[Qwen2.5-7B] No .dla file generated when running compile_generative.sh on Genio 520

Environment:

  • Platform: Genio-520
  • Toolkit: GAI-Deployment-Toolkit-v2.0.8_qwen2.5-0.5b-1.5b-7b-v0.1
  • Neuron SDK: 20250423_Neuron_SDK_v1.2517.03_neuron-8.0-release.tar.gz

Hi MediaTek team and community,

With Qwen 2.5, I’m still encountering the issue: “No .dla file generated when running compile_generative.sh”, even after applying the adjustments you suggested.

BACKEND=“mdla5.3,edma3.6”
L1_SIZE_KB=“256”
NUM_MDLA=“1”

Here are the logs/images when running compile_generative.sh:

Ảnh chụp màn hình 2026-03-30 100027

After running compile_generative.sh, it does not return any logs or generate any .dla file.
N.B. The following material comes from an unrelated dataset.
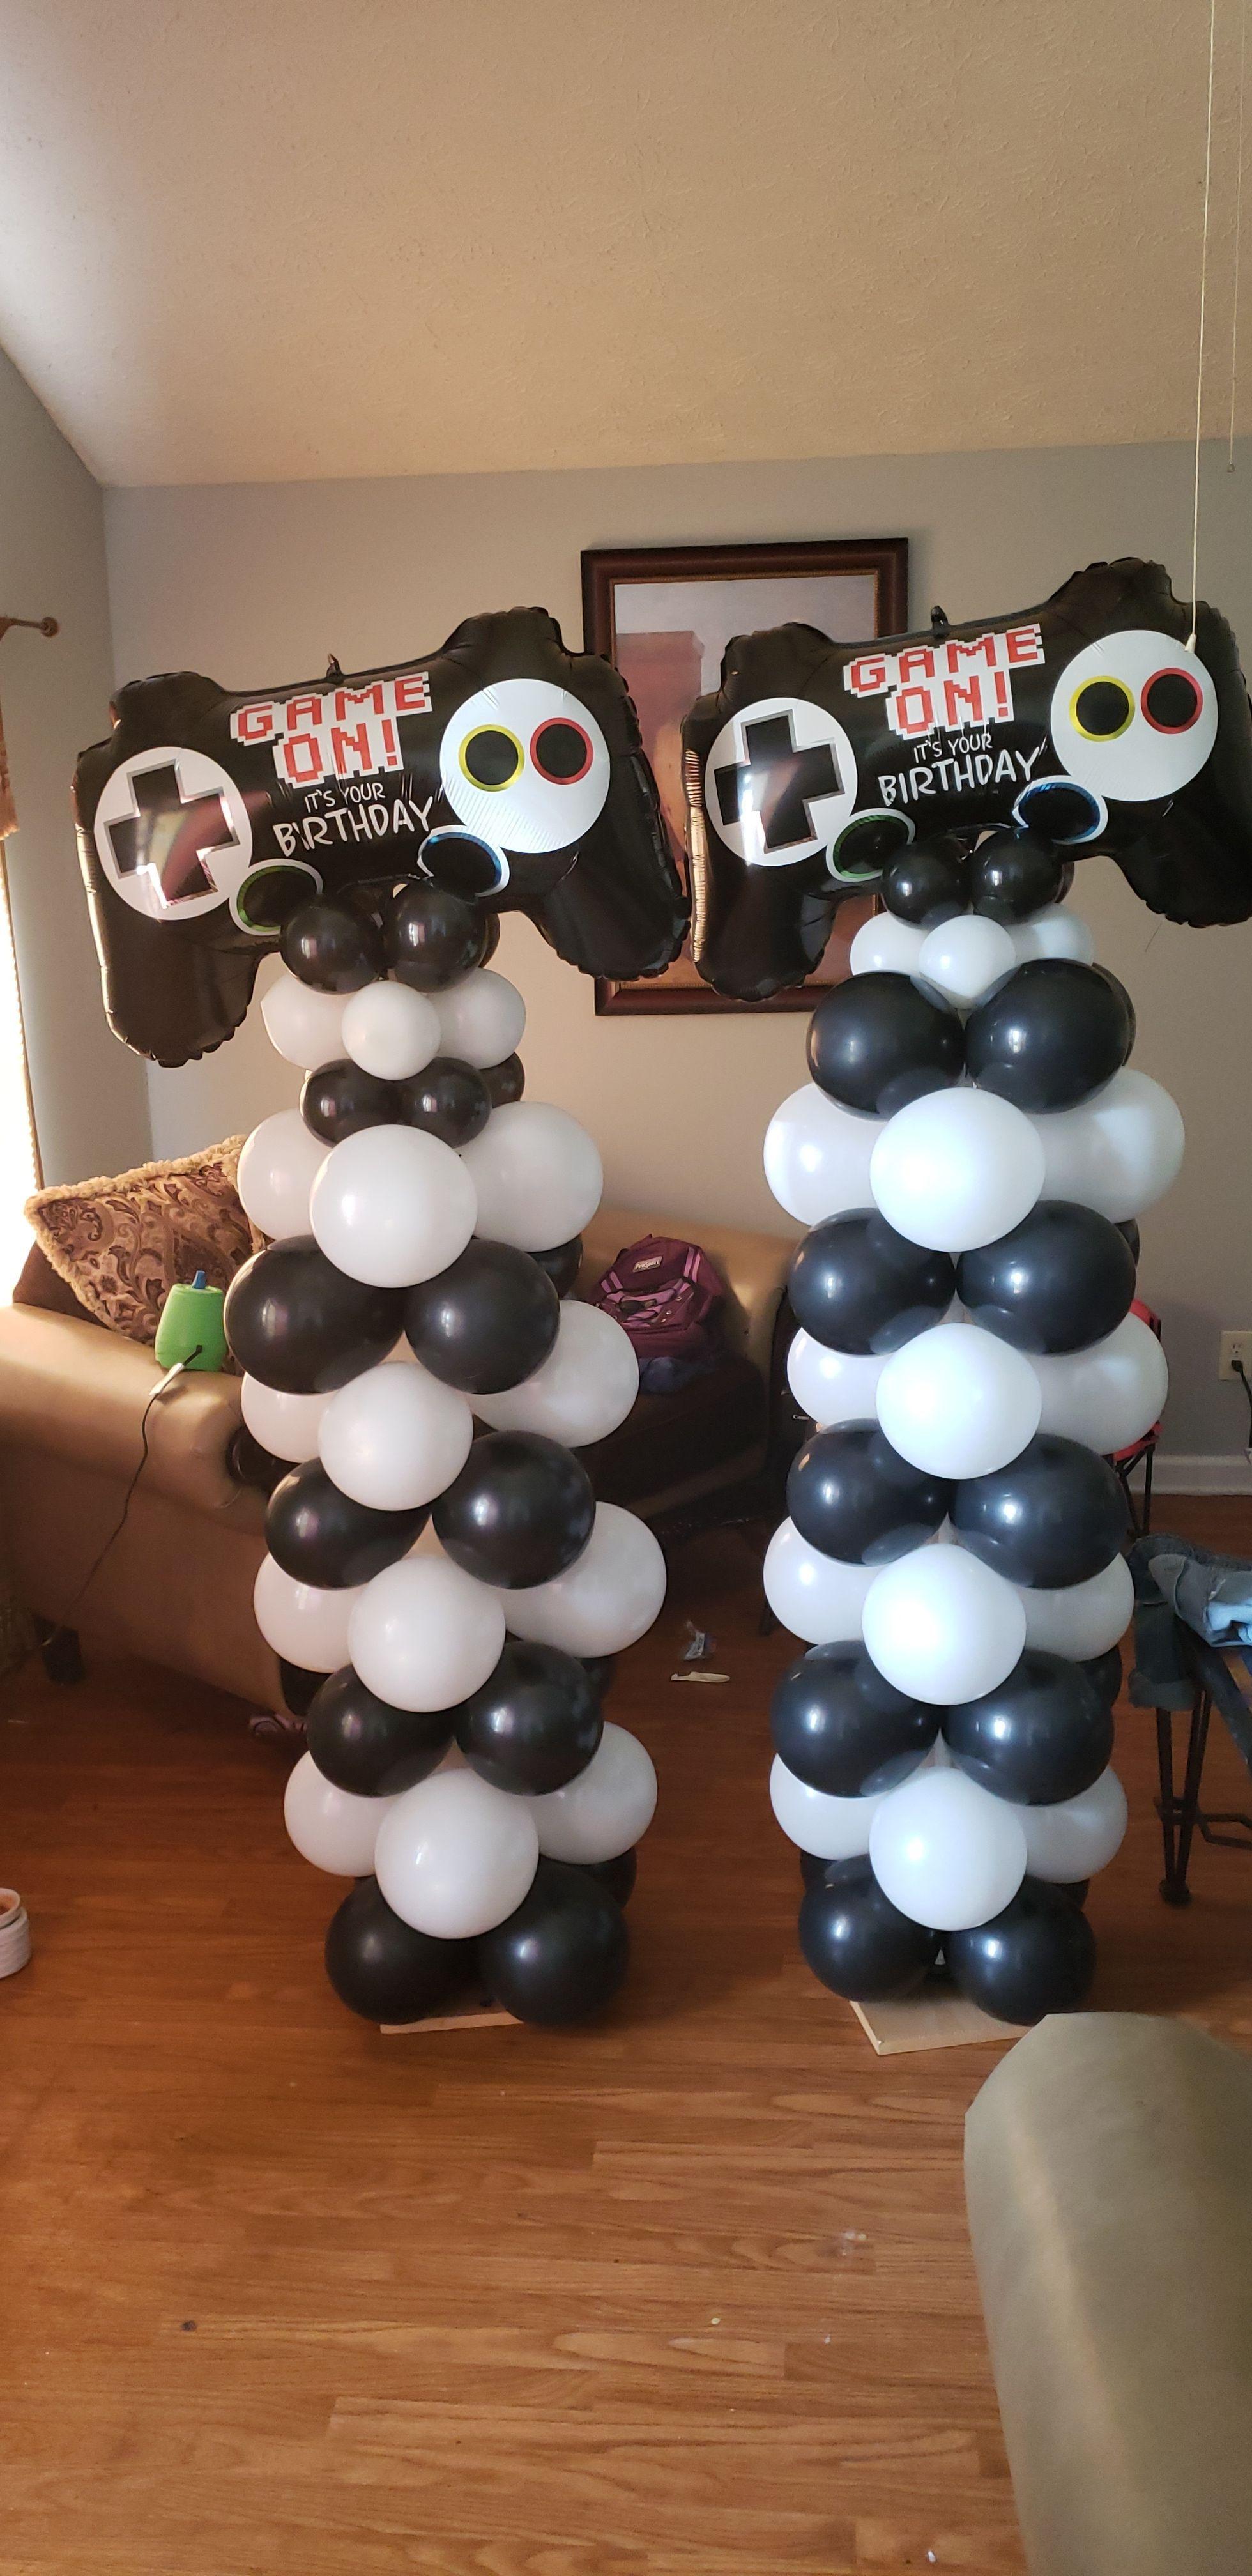 Game Controller Balloon Columns

This issue only occurs with compile_generative.sh, while compile_prompt_qwen2.5_0.5B_7B.sh still successfully generates .dla files and produces some log output such as:

(py38_test) bkav@bkav-Super-Server:~/Downloads/GAI_Toolkits/GAI-Deployment-Toolkit-v2.0.8_qwen2.5-0.5b-1.5b-7b-v0.1/compile$ ./compile_prompt_qwen2.5_0.5B_7B.sh 
/home/bkav/Downloads/GAI_Toolkits/GAI-Deployment-Toolkit-v2.0.8_qwen2.5-0.5b-1.5b-7b-v0.1/post_training_quantize/tflite/Qwen2.5-7B-Instruct_asym4W_sym16A_Overall_hessian_wgt_opt_cum_layer_error_rotate_ortho_0_128t2048c/Qwen2.5-7B-Instruct_asym4W_sym16A_Overall_hessian_wgt_opt_cum_layer_error_rotate_ortho_0_7layer_128t2048c_2.tflite 
/home/bkav/Downloads/SDK/Neuropilot_SDK/20250423_Neuron_SDK_v1.2517.03_neuron-8.0-release/neuron_sdk
WARNING: SMP is skipped since all backend targets are single-core or unknown.
WARNING: SMP is skipped since all backend targets are single-core or unknown.
WARNING: SMP is skipped since all backend targets are single-core or unknown.
WARNING: SMP is skipped since all backend targets are single-core or unknown.
WARNING: SMP is skipped since all backend targets are single-core or unknown.
Patch done!
WARNING: 16A4W FC signed input activation but not has 128 offset may cause the input value of sw workaround saturated.
WARNING: 16A4W FC signed input activation but not has 128 offset may cause the input value of sw workaround saturated.
WARNING: 16A4W FC signed input activation but not has 128 offset may cause the input value of sw workaround saturated.
WARNING: 16A4W FC signed input activation but not has 128 offset may cause the input value of sw workaround saturated.
DRAM Usage:
Target       Input  Output  Temp  Static  Code  Total
[ 0]: MDLA 5.3     29M    2.6M    20M   781M    765K  834M

Total Memory:
DRAM: 834M + 0 (Shared) = 834M
L1:   256K


Thank you very much for your time and support.

Best regards,
dmd955

I added some flags to the compile_generative.sh script:

–verbose
–show-exec-plan
–show-memory-summary
–check-target-only

After running compile_generative.sh, I found logs like this:

OP[431]: CUSTOM: MTKEXT_RMS_NORMALIZATION
├ MDLA: Cannot support Float32 input
├ MDLA: Cannot support Float32 output
├ EDMA: unsupported operation
OP[432]: QUANTIZE
├ MDLA: Cannot support Float32 input
├ EDMA: unsupported operation
OP[435]: DEQUANTIZE
├ MDLA: Cannot support Float32 output
├ EDMA: unsupported operation
OP[436]: CUSTOM: MTKEXT_SILU
├ MDLA: Cannot support Float32 input
├ MDLA: Cannot support Float32 output
├ EDMA: unsupported operation
OP[437]: QUANTIZE
├ MDLA: Cannot support Float32 input
├ EDMA: unsupported operation
[ncc-tflite] Success

Hi dmd955,

I am able to successfully build qwen2.5-0.5b-1.5b-7b-v0.1 and deploy 0.5b onto my Genio 720 with Android 15.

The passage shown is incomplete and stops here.